= WHAT NEEDS TO BE DONE =
Output exactly, in the material below, the lines from the one with "C1920 Art Deco" through the one with "Off the Shoulder". Omit all pictures.

= EXERCISE INPUT =
--- START ---

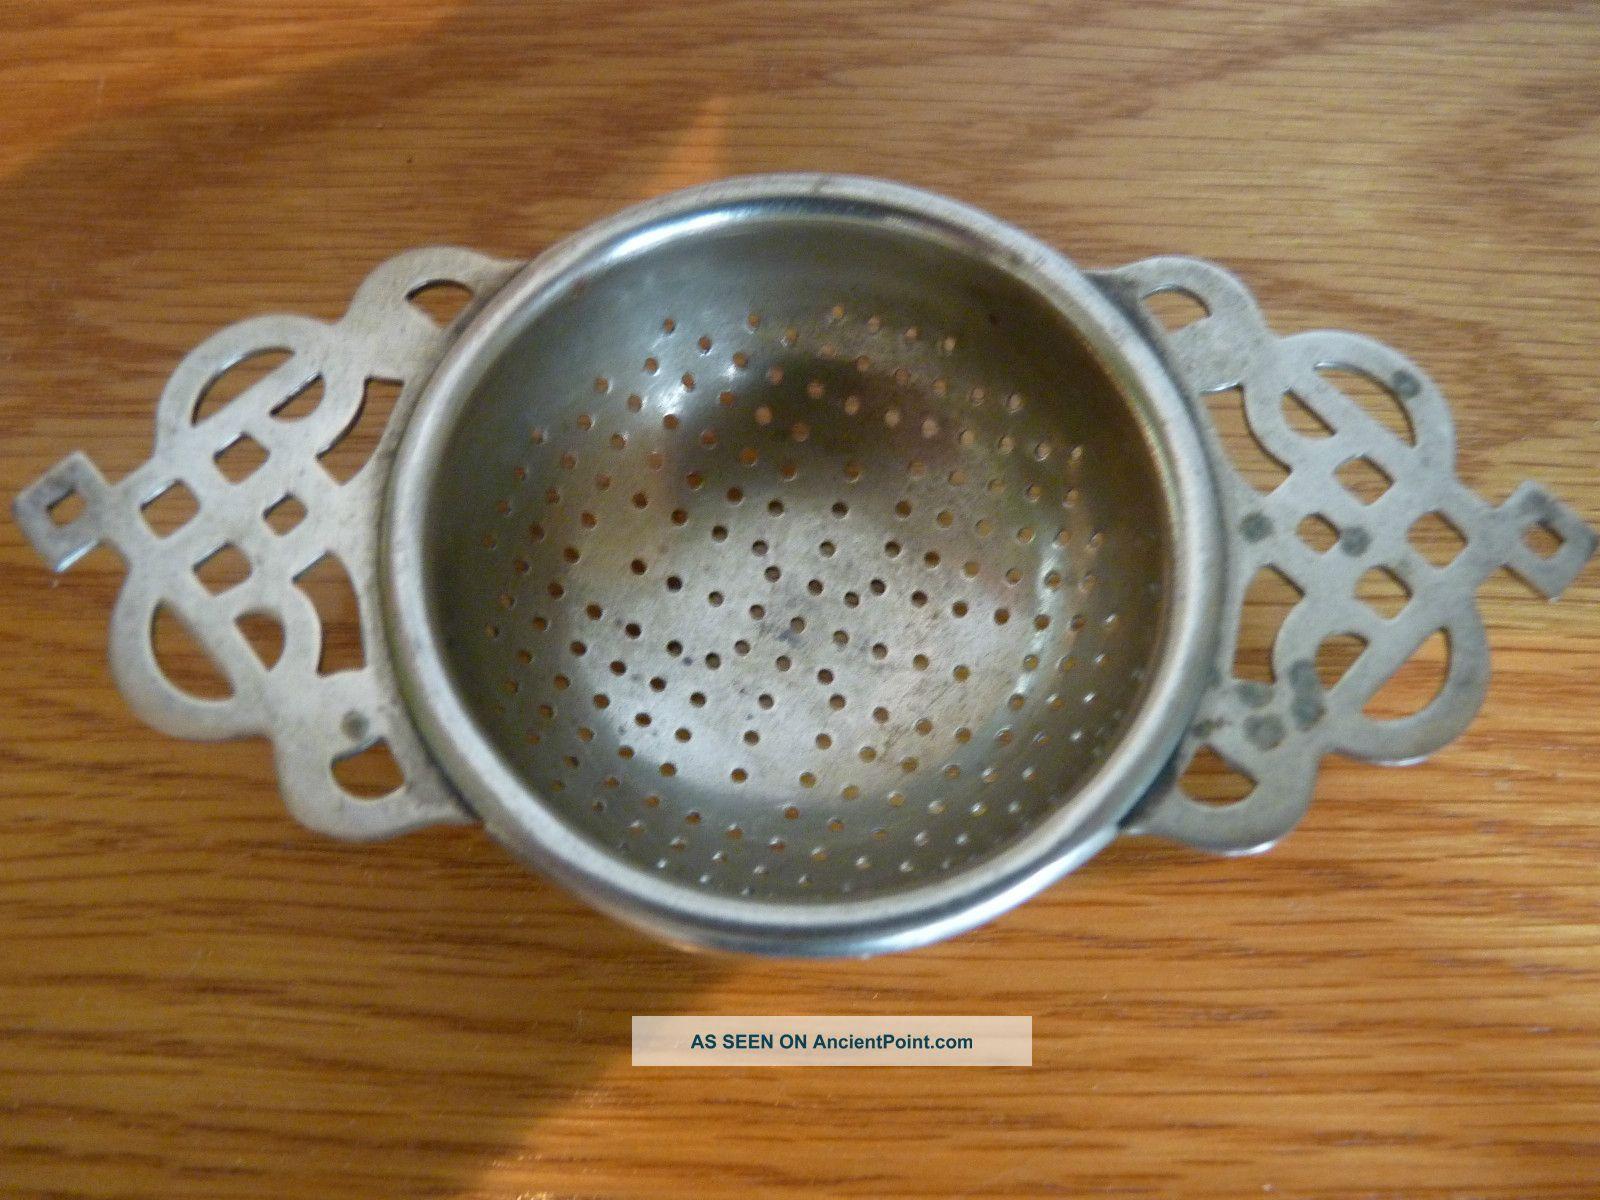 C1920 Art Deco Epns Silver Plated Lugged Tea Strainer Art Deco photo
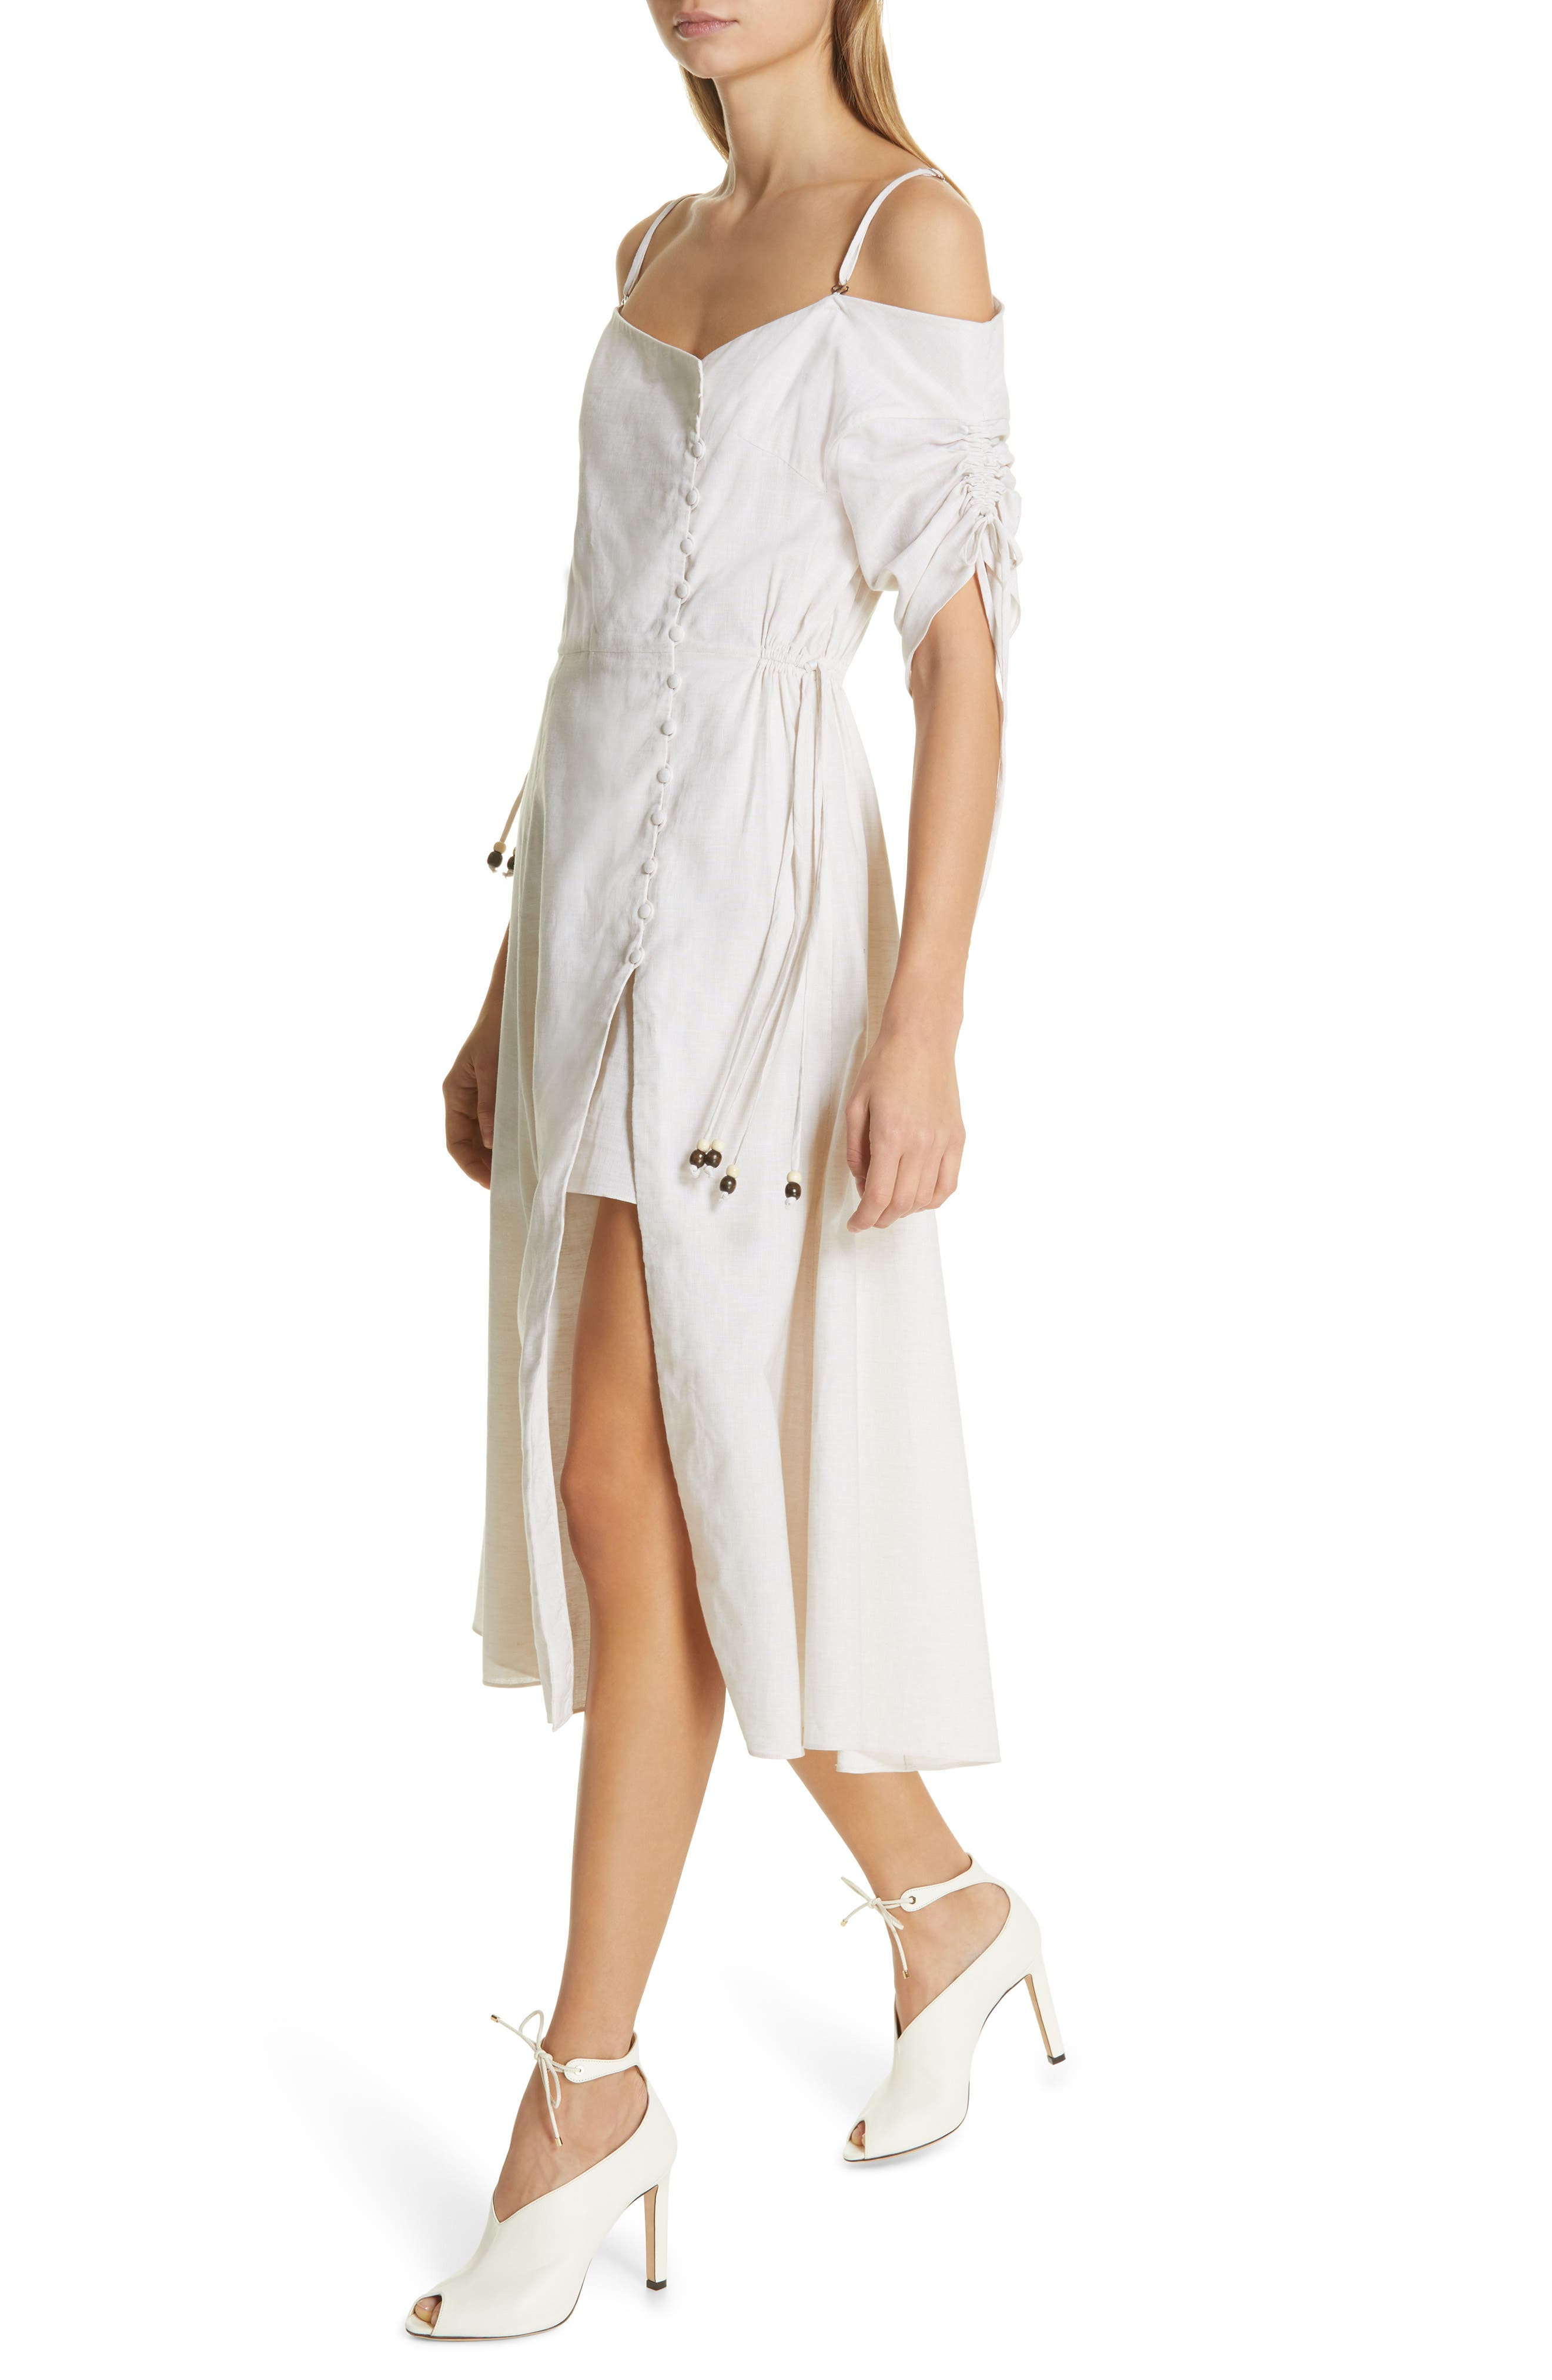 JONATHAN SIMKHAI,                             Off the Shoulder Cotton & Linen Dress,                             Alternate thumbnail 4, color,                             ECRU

--- END ---
--- START ---

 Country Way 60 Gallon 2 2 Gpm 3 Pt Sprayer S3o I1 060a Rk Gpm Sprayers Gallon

--- END ---

= ANSWER TO THE EXERCISE =
 C1920 Art Deco Epns Silver Plated Lugged Tea Strainer Art Deco photo
 JONATHAN SIMKHAI,                             Off the Shoulder Cotton & Linen Dress,                             Alternate thumbnail 4, color,                             ECRU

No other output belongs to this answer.